Provide the key path to the JSON key for valid Service Account in order to validate a BigQuery client.


In [ ]:
from google.cloud import bigquery
from google.oauth2 import service_account
import pandas

# TODO(developer): 
# Set key_path to the path to the service account key file.
# key_path = "path/to/service_account.json"


credentials = service_account.Credentials.from_service_account_file(
    key_path,
    scopes=["https://www.googleapis.com/auth/cloud-platform"],
)

client = bigquery.Client(
    credentials=credentials,
    project=credentials.project_id,
)

Cloud SQL

The Cloud SQL proxy connection can be authenticated at the time of connection creation. Please refer this guide to learn more about Cloud SQL authentication.

Download the Cloud SQL proxy


In [ ]:
!wget https://dl.google.com/cloudsql/cloud_sql_proxy.linux.amd64 -O cloud_sql_proxy
!chmod +x cloud_sql_proxy

Run below command from the terminal to start SQLproxy


In [ ]:
# TODO(developer): 
# Set PATH_TO_KEY_FILE to the path to the service account key file.
# Example: PATH_TO_KEY_FILE = "path/to/service_account.json"

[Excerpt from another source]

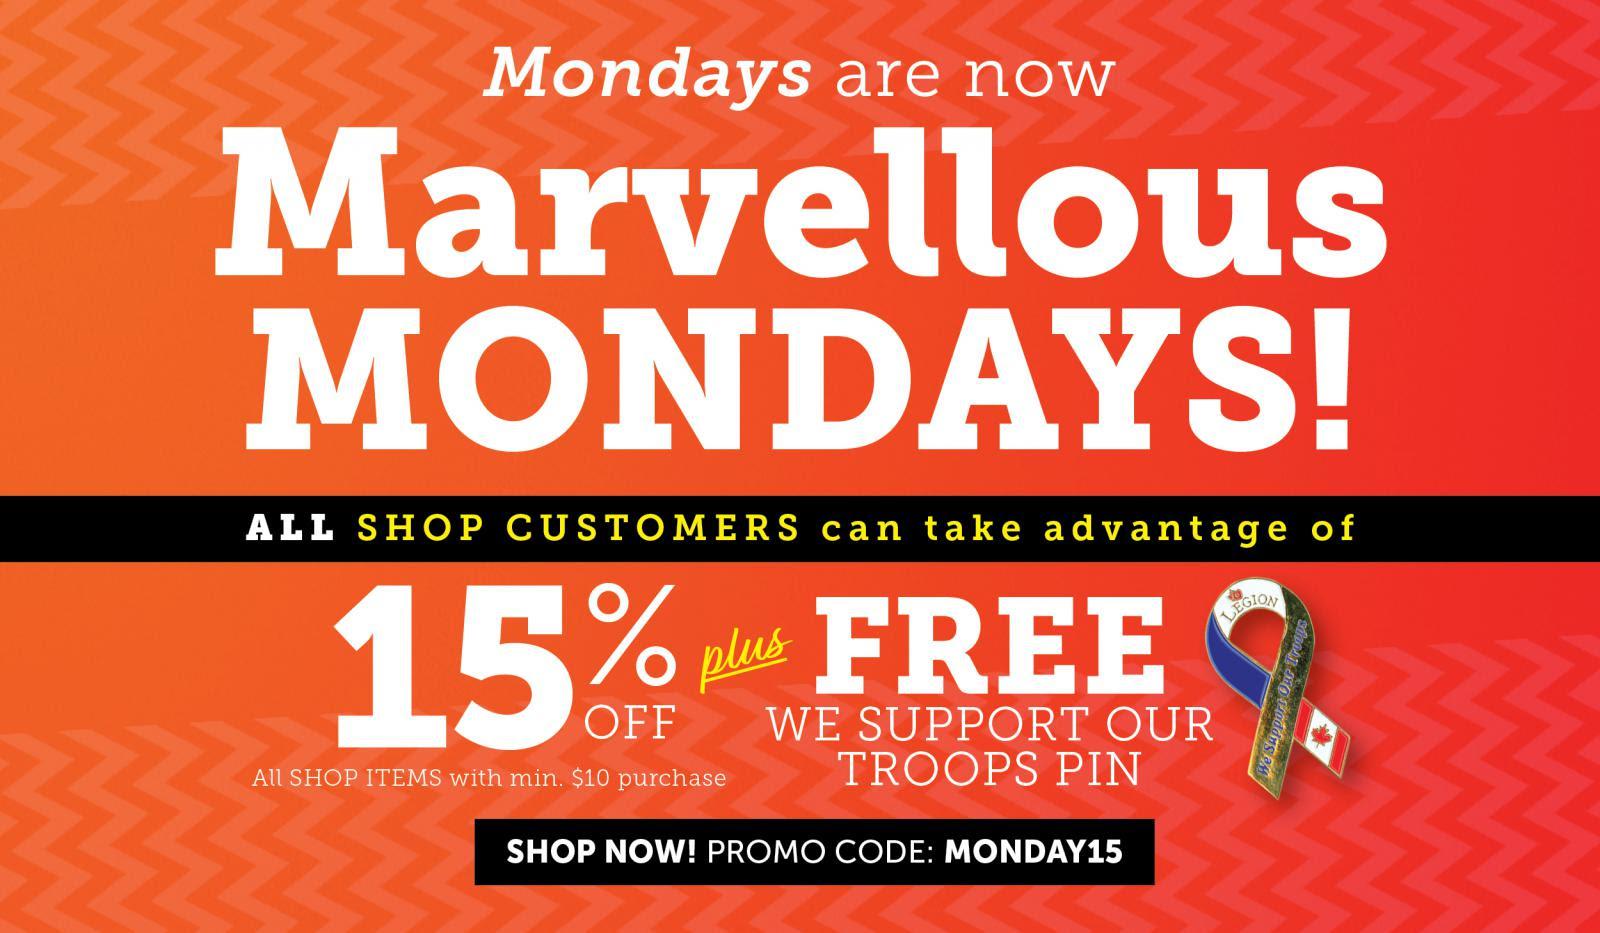 Marvellous Mondays!

!./cloud_sql_proxy -instances=<INSTANCE_NAME>=tcp:3306 -credential_file=<PATH_TO_KEY_FILE> &

In [ ]:
import pymysql

# TODO(developer): 
# Change USERNAME and PASSWORD to the user and password created on Cloud SQL instance
# Set DB to the name of the database to be connected to

connection = pymysql.connect(host='127.0.0.1',
                             user='USERNAME',
                             password='PASSWORD',
                             db='DB')
mycursor = connection.cursor()

Creating Pandas Dataframes

BigQuery

Use the Client.query method to run the query, and the QueryJob.to_dataframe method to return the results as a pandas DataFrame.


In [ ]:
from google.cloud import bigquery
import pandas
client = bigquery.Client(location="US")
print("Client creating using default project: {}".format(client.project))
query = """
    SELECT name, SUM(number) as total
    FROM `bigquery-public-data.usa_names.usa_1910_current`
    GROUP BY name
    ORDER BY total DESC
    LIMIT 10
"""
query_job = client.query(
    query,
    # Location must match that of the dataset(s) referenced in the query.
    location="US",
)  # API request - starts the query

df = query_job.to_dataframe()
df

Google Cloud Storage

Panda's read_csv method supports reading dataframes directly from GCS file URL.


In [ ]:
import pandas as pd
df = pd.read_csv('gs://BUCKET/your_file.csv')

Cloud SQL

Panda's read_sql method can be used to read a table from Cloud SQL database and use it as a Dataframe.


In [ ]:
import pymysql

# TODO(developer): 
# Change USERNAME and PASSWORD to the user and password created on Cloud SQL instance
# Set DB to the name of the database to be connected to

connection = pymysql.connect(host='127.0.0.1',
                             user='USERNAME',
                             password='PASSWORD',
                             db='DB')
query = "SELECT * FROM orders WHERE date_time BETWEEN ? AND ?"
df = pd.read_sql(query, connection,  params=(start_date, end_date))